→ Supplied entries

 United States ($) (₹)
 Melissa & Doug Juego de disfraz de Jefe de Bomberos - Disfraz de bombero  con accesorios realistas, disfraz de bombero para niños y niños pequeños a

---

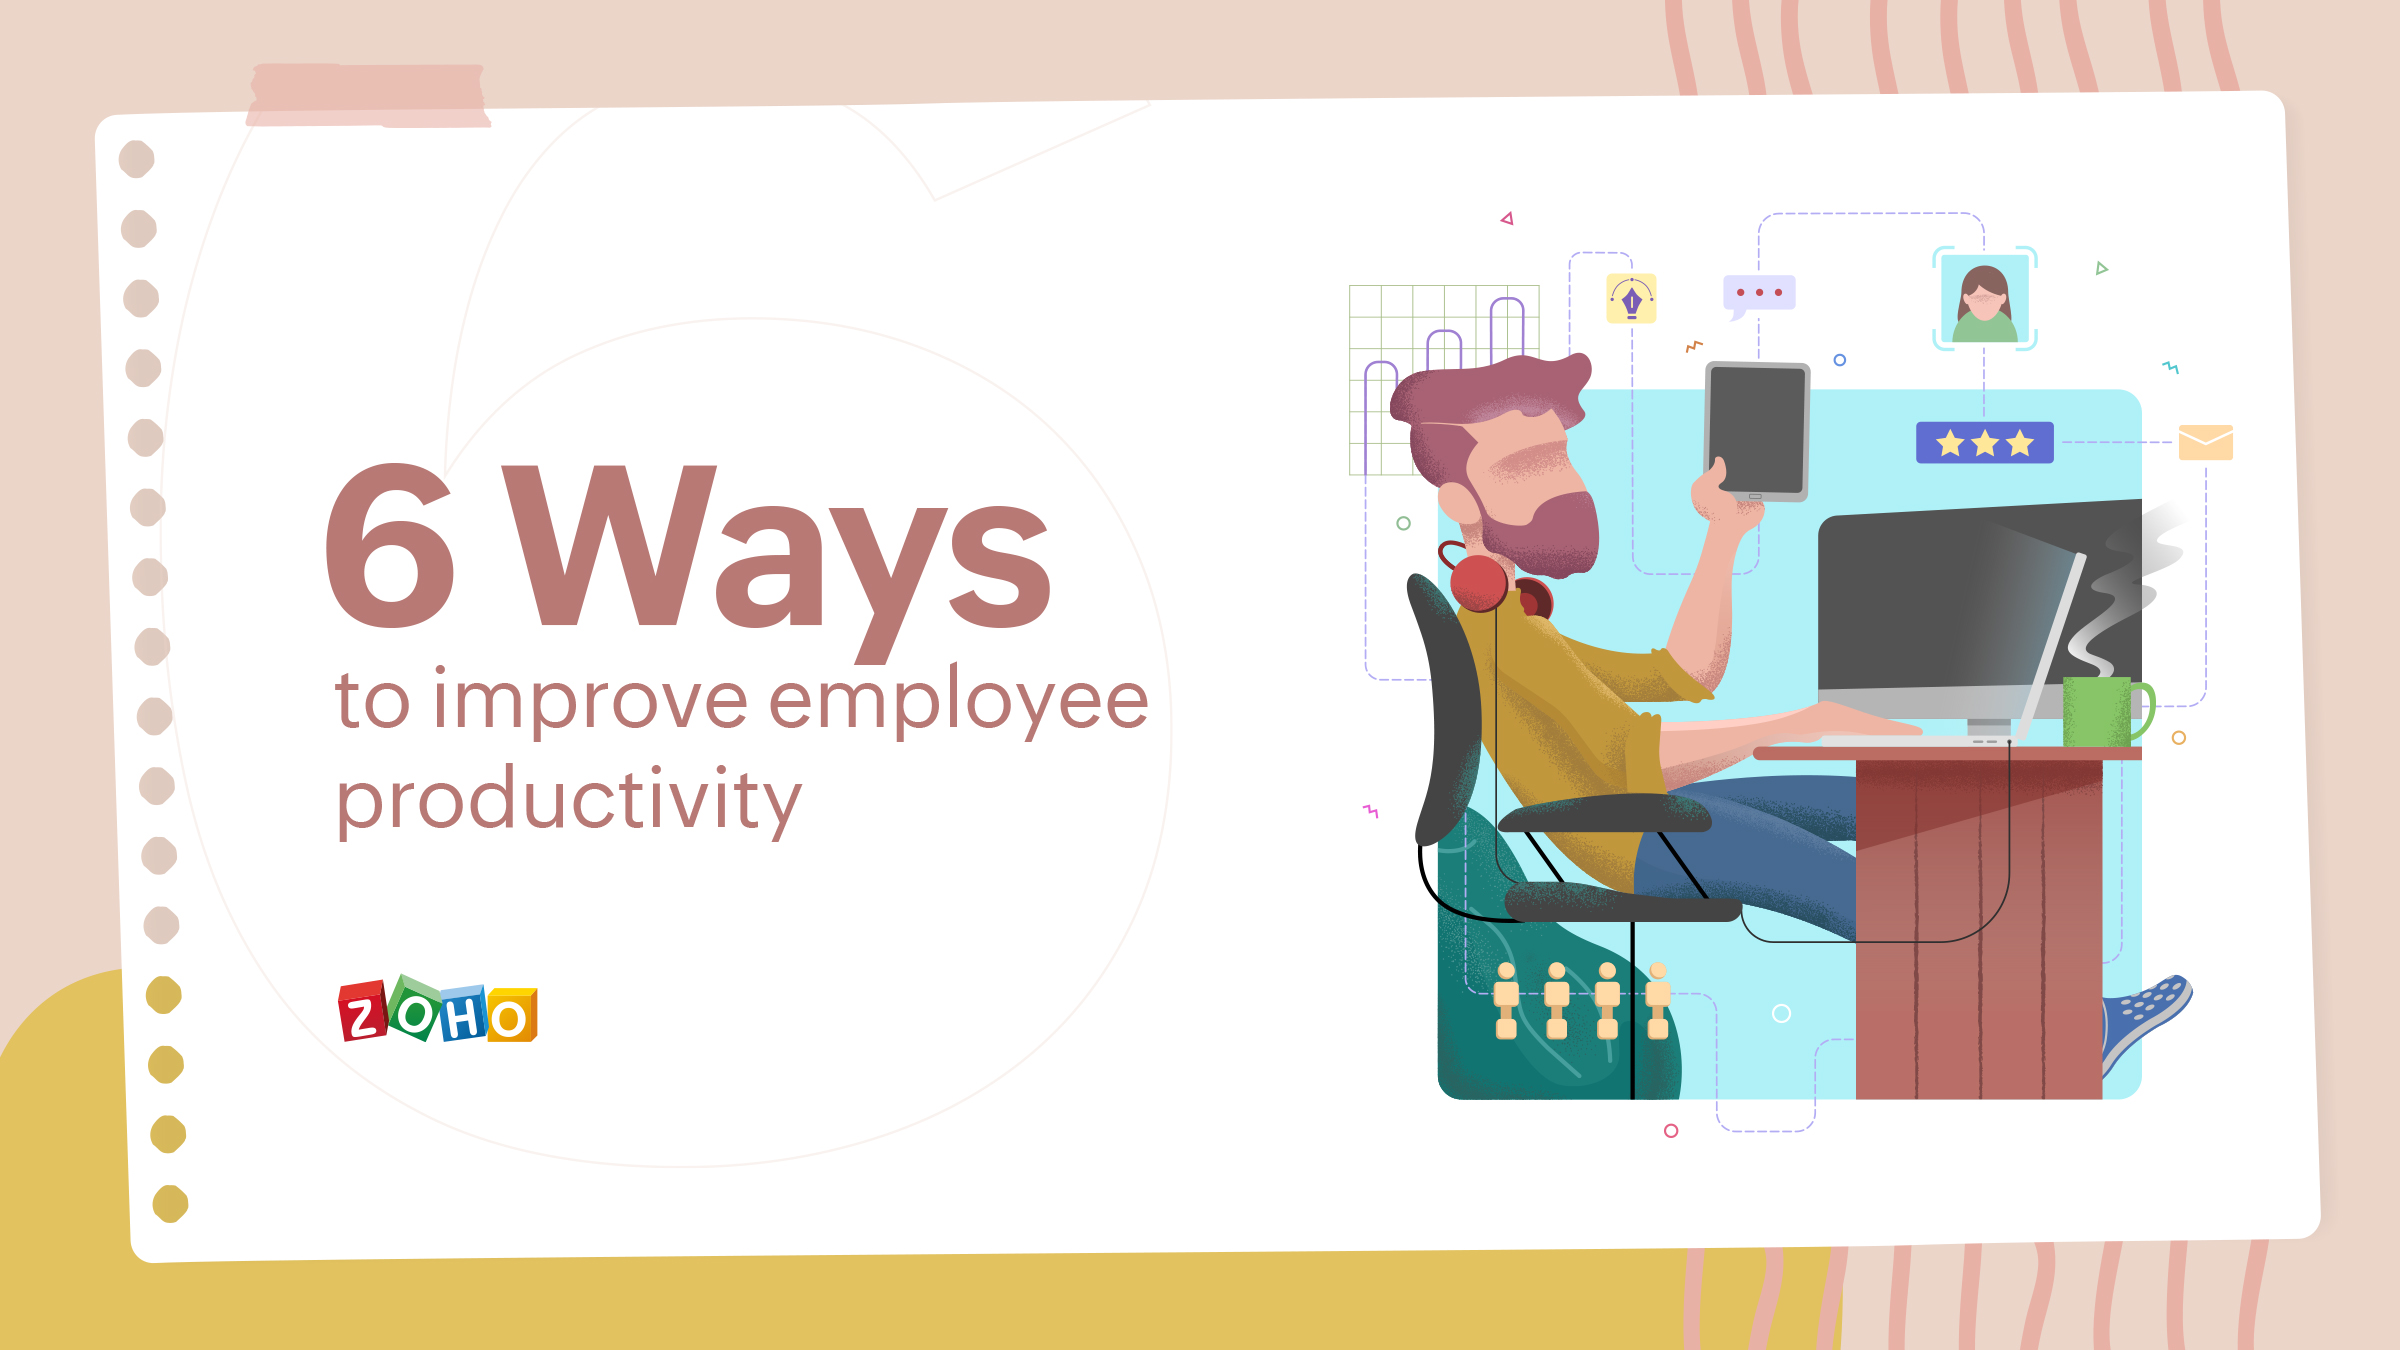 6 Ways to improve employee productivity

→ What needs to be done
Within the listing above, extract exactly the lines from the line with "United States ($) (₹)" to the line with "Melissa & Doug", the two named lines included, and no others.

→ Solution to this problem
 United States ($) (₹)
 Melissa & Doug Juego de disfraz de Jefe de Bomberos - Disfraz de bombero  con accesorios realistas, disfraz de bombero para niños y niños pequeños a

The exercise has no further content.